Back to the Dara of the pyramids
O Briain lifts lid on the mysteries of Ancient Egypt in new documentary
AHEAD of his new documentary Mysteries Of The Pyramids, Dara O Briain has opened up about visiting the ancient wonders.
The 52-year-old comedian and presenter had a once-in-a-lifetime opportunity to visit Giza and meet knowledgeable archaeologists and Egyptologists.
O Briain, from Bray, Co Wicklow, said of the Channel 5 show: “It was a very easy sell to me.
“We were offered not just a chance to visit the pyramids, but the access to actually go underneath and scrabble around and do the whole Indiana Jones thing with them.
“And you kind of go, ‘Well, I’m not gonna be able to do this again, how often do you get offered this?’
“Checking in, when you arrived at the hotel, you turn around in the lobby or you look up and they’re there. It’s just this astonishing, iconic thing.
“The actual site, particularly in Giza, it’s insanely busy.
“Hawkers, people with camels, there’s wild dogs walking around.
“The angry tourists who are there on their bucket list trip to Egypt, passing by rubbing bellies with other tourists who are on their bucket list trip to Egypt. It’s all a bit tense.
Going down into chamber, that was a little bit scary
DARA O BRIAIN ON THE EXTRA-TERRESTRIAL TALK
They would leave graffiti within the pyramids that they had done
DARA O BRIAIN ON EVIDENCE LEFT BY WORKERS
INSANE
“We got this insane access all to ourselves, and then we got to go beyond there to the other sites, which are much quieter.
“And we were kind of like; ‘Why are you not here?’ You go to these other places, which is like, ‘This is fabulous’.
“And you could get a real sense of the history.
“Going down into the chamber. That was a little bit scary, because you do a similar walk up to the first one.
“And you’re kind of going; OK, this is about 60 metres of up and up and up, careful, careful, careful.
“And now the one down is like 100 metres plus, in a lower tunnel, and then you have to crawl through a tunnel, and you can’t see the tunnel you’re crawling through because it’s too far away to see.
“I’m a little bit claustrophobic, and I thought, I dunno, am I going to freak out at the bottom of this?”

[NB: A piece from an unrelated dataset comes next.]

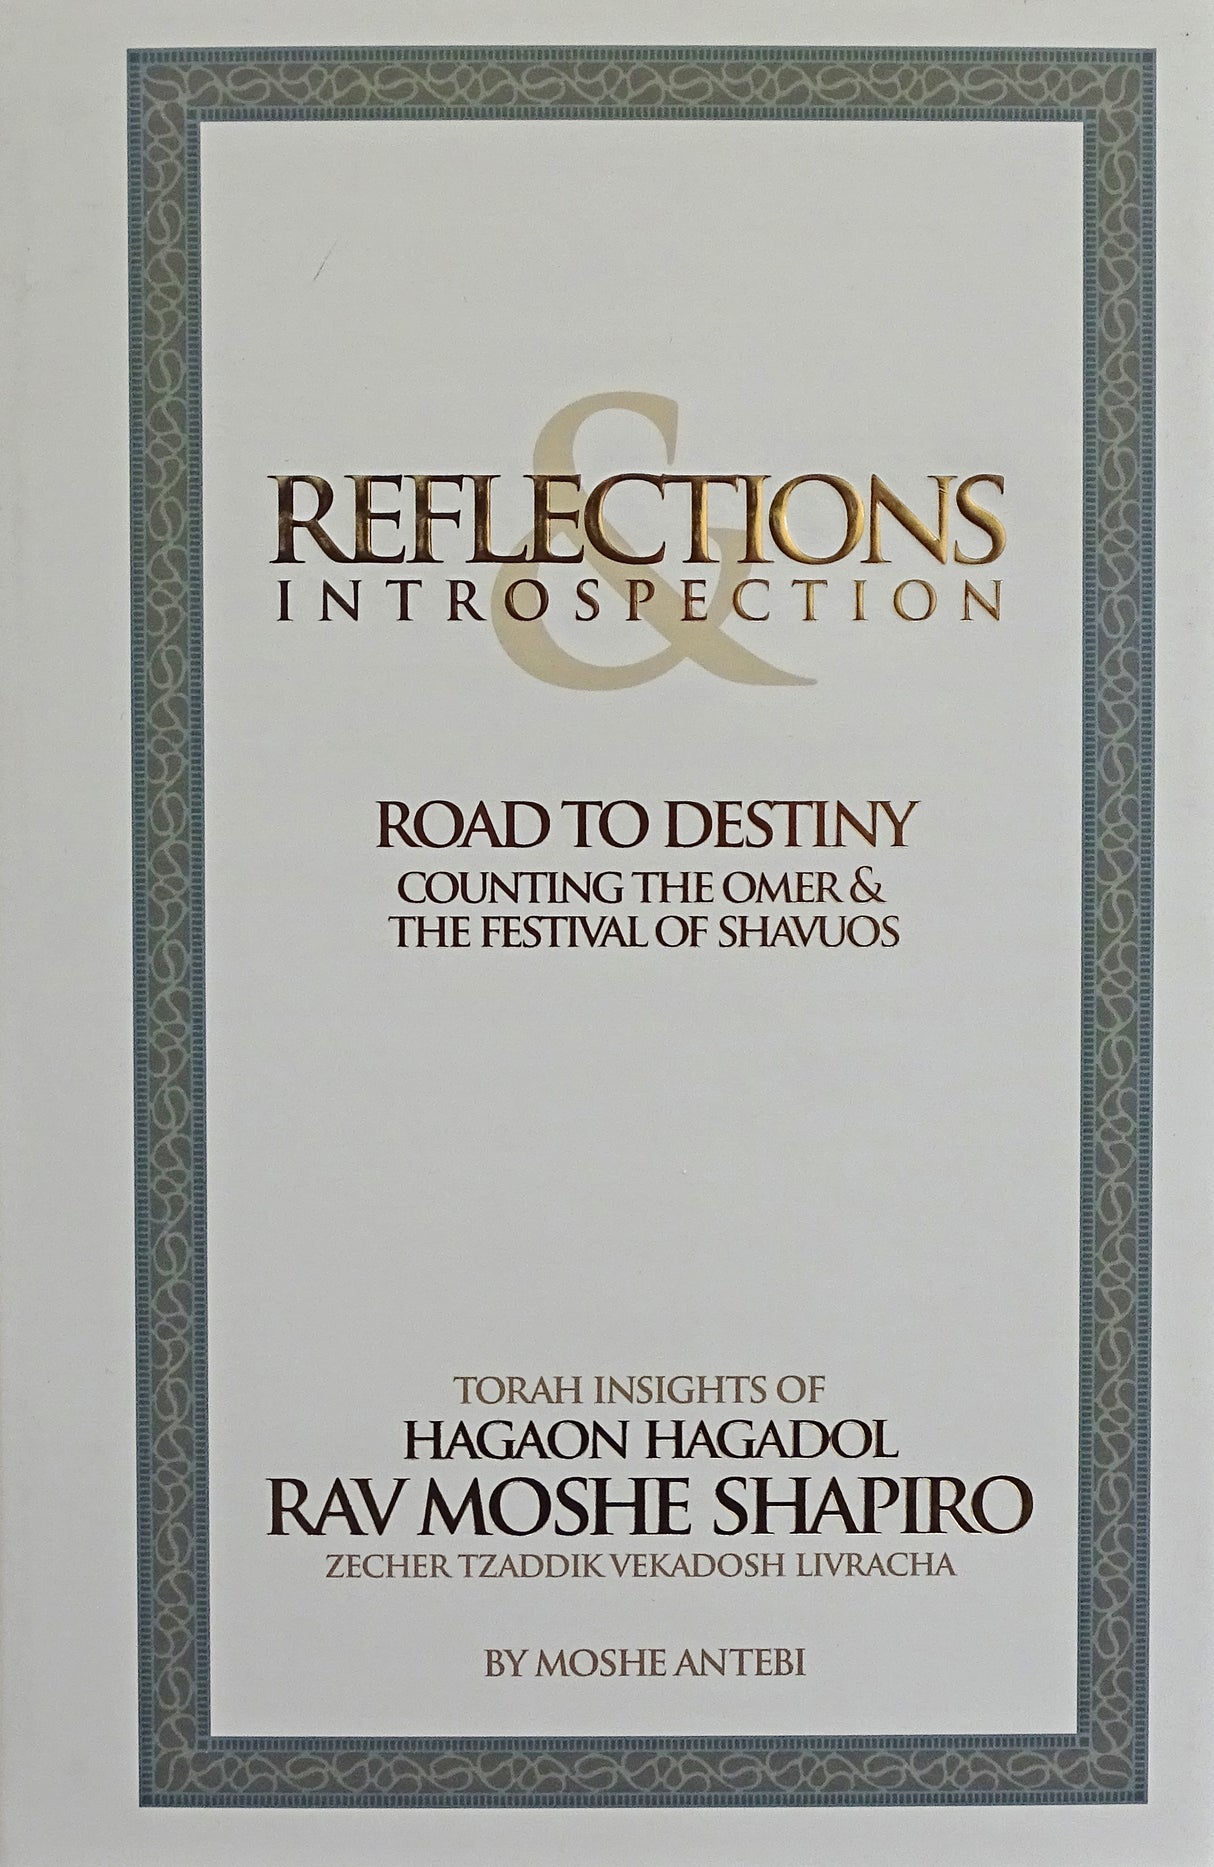 Reflections & Introspection Road to Destiny Counting the Omer & The Festival of Shavuos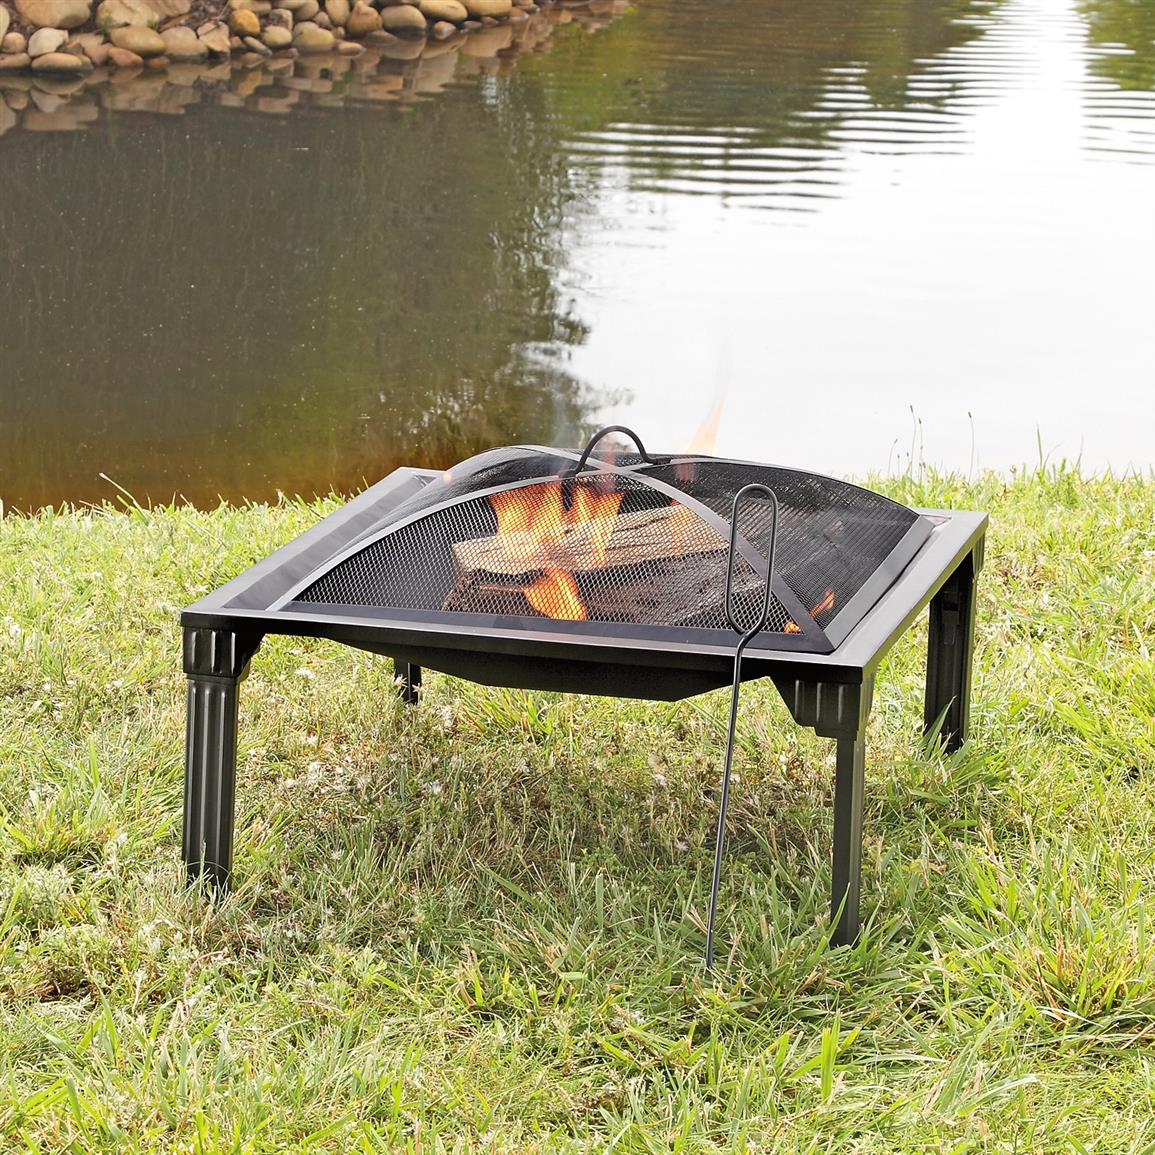 Grab n' Go Square Portable Fire Pit - 657954, Fire Pits ...

Of all of the Seven Wonders of the Ancient World, just one is still standing today – the
Great Pyramid of Giza.
Built around 2600
BC, it served as the tomb of pharaoh
Khufu and makes up one of several famous pyramids on the outskirts of Egyptian capital Cairo. What makes the Egyptian pyramids so fascinating is, in some respects, how mysterious they are.
Many over the centuries have wondered how they were built out of massive blocks of stone so heavy even a modern crane would struggle to lift them.
Some have even concluded that extraterrestrials were behind their creation, not mankind.
O Briain said he could understood how conspiracy theories about the origins of the pyramids emerged.
He added: “Broken down, you need a small town, you need 20,000 people, basically [to build a pyramid].
“I found myself constantly just going, this is an incredible human achievement, so why do people keep inserting aliens into it?
“It’s so weird, because it’s like, it’s such an almost defining human thing to build, and it happened independently in all these different cultures.
“But rather than seeing that as a celebration of who we are as a species, how we wanted to construct something greater than ourselves, that reached above the trees, and we could see whatever, or would send us to an afterlife, whatever we believe in each society, the sense of people going, ‘Must have been aliens’.
INVESTIGATION
“Why would you stop your own investigation?
“Why would you put a limit on your own curiosity by having some plot twist come in from outside and do it?
“Where were the aliens where we needed, you know, flight, and vaccines?”
He laughed: “They weren’t there. They kept very quiet!”
Dara said everything about filming the documentary was “incredible”.
He added: “What I found fascinating is the human element of it. “There’s a camp just at
the back of where the pyramids are, which is clearly where [the workers] all lived.
“They had a lifestyle that they wouldn’t have had otherwise.
“They would leave graffiti within the pyramids that they’d done.
“There’s one which says ‘the drunkards of Menkaure’, and Menkaure is a pharaoh for whom the third Pyramid in Giza, the smaller one, [was built].
“He’s the grandson of Khufu. And they wrote ‘the drunkards of Menkaure’ in one of the passageways...
“That was amazing, a piece of graffiti. [Also] the fact that essentially, it’s a heist movie.
“The fact that they were built to keep robbers out, and the robbers kept getting in.
“When you go into the tombs in Giza, you enter a doorway carved out by grave robbers.
“The actual main one is shut, but you go into a side passage, carved in by graverobbers, and then it meets the proper passageway. It’s a crime movie, essentially.”
Mysteries of the Pyramids with Dara O Briain starts on Monday, May 20 at 9pm on Channel 5 and My5.